Now, since $\mathcal{O}_{\mathbb{A}^2_k,\overline{0}}=\mathcal{O}_{\mathbb{A}^2_k,0}^\text{sh}$ (and the fact that regular local and Noetherian are preserved under strict Henselization) we know that $\mathcal{O}_{\mathbb{A}^2_k,\overline{0}}$ is a Noetherian regular local ring with maximal ideal $\mathfrak{m}$ . Moreover, since

$2=\dim(\mathcal{O}_{\mathbb{A}^2_k,0})=\dim(\mathcal{O}_{\mathbb{A}^2_k,0}^\text{sh})=\dim(\mathcal{O}_{\mathbb{A}^2_k,\overline{0}})$

we know that $\text{codim}(\{\mathfrak{m}\})=2$ and thus, by the purity of the branch locus, we may conclude that the inclusion $X^\ast\hookrightarrow\text{Spec}(\mathcal{O}_{\mathbb{A}^2_k,\overline{0}})$ induces an ismorphism

$\pi_1^{\acute{e}\text{t}}(X^\ast,\overline{0})\xrightarrow{\approx}\pi_1^{\acute{e}\text{t}}(\text{Spec}(\mathcal{O}_{\mathbb{A}^2_k,\overline{0}},\overline{0})$

but the latter is obviously $0$ .

Thus, from this, we may conclude that

$i^\ast R^1 j_\ast\mathbb{Q}_\ell=H^1(X^\ast,\mathbb{Q}_\ell)=\text{Hom}_{\text{cont.}}(\pi_1^{\acute{e}\text{t}}(X^\ast,\overline{0}),\mathbb{Z}_\ell)\otimes_{\mathbb{Z}_\ell}\mathbb{Q}_\ell=0$

but, as mentioned above, this is essentially where this line of inquiry into the problem ends. Namely, this sort of method is ill-equipped to deal with higher cohomology computations without further remark.

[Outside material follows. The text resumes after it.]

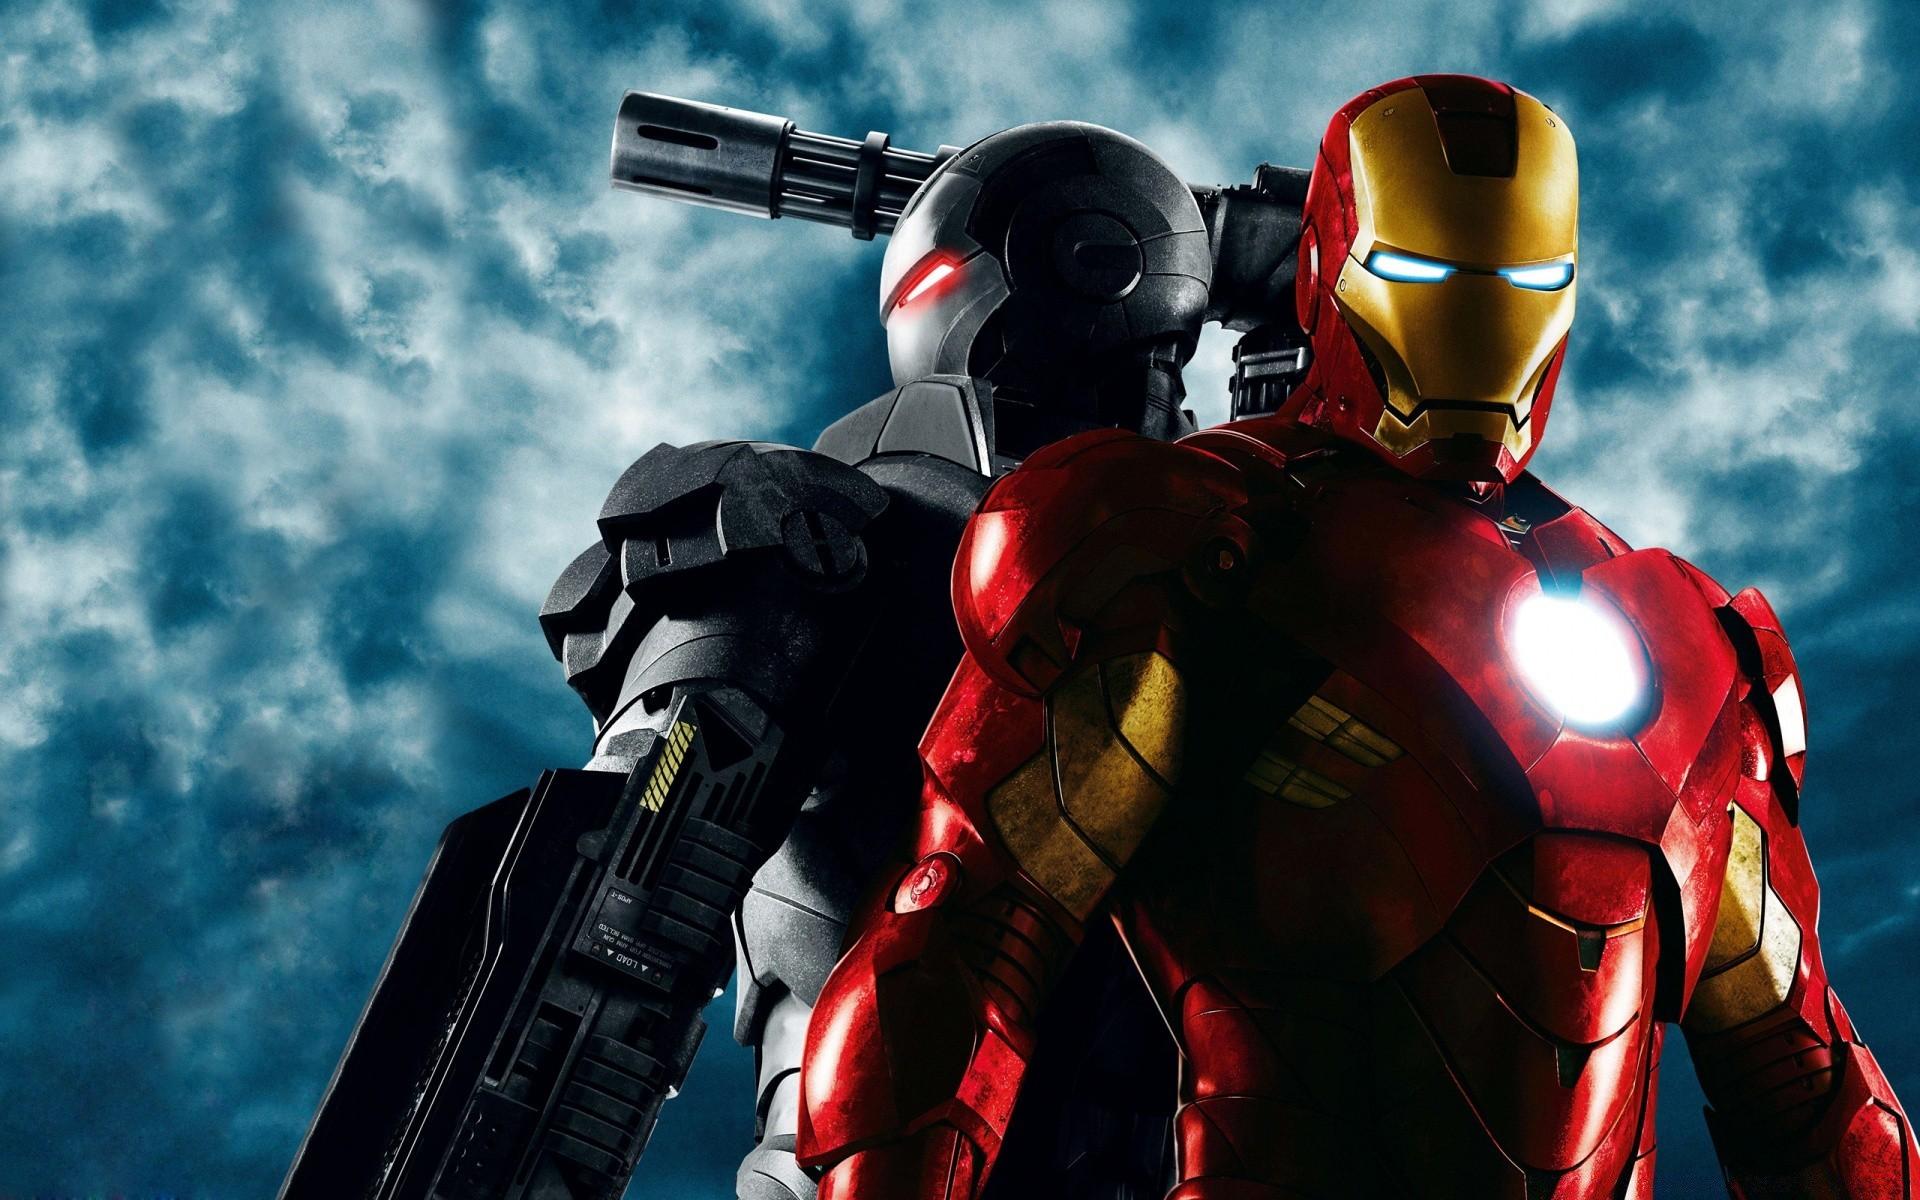 War Machine and Iron Man, Iron Man 2

For example, one might hope, naively, that $X^\ast$ is an ‘algebro-geometric $K(\pi,1)$ ‘ so that one can compute $H^i(X^\ast, \mathcal{F})$ , for any LCC sheaf $\mathcal{F}$ on $X^\ast$ , as $H^i(\pi_1^{\acute{e}\text{t}}(X^\ast,\overline{0}),\mathcal{F}_{\overline{0}})$ . Unfortunately, this is not the case. Moreover, one wouldn’t expect it to be the case. This intuitively says that $B^\ast$ is a $K(\pi,1)$ for a small punctured ball around $0$ in $\mathbb{C}^2$ . But, this is obviously false since its universal cover (which is itself) is not contractible.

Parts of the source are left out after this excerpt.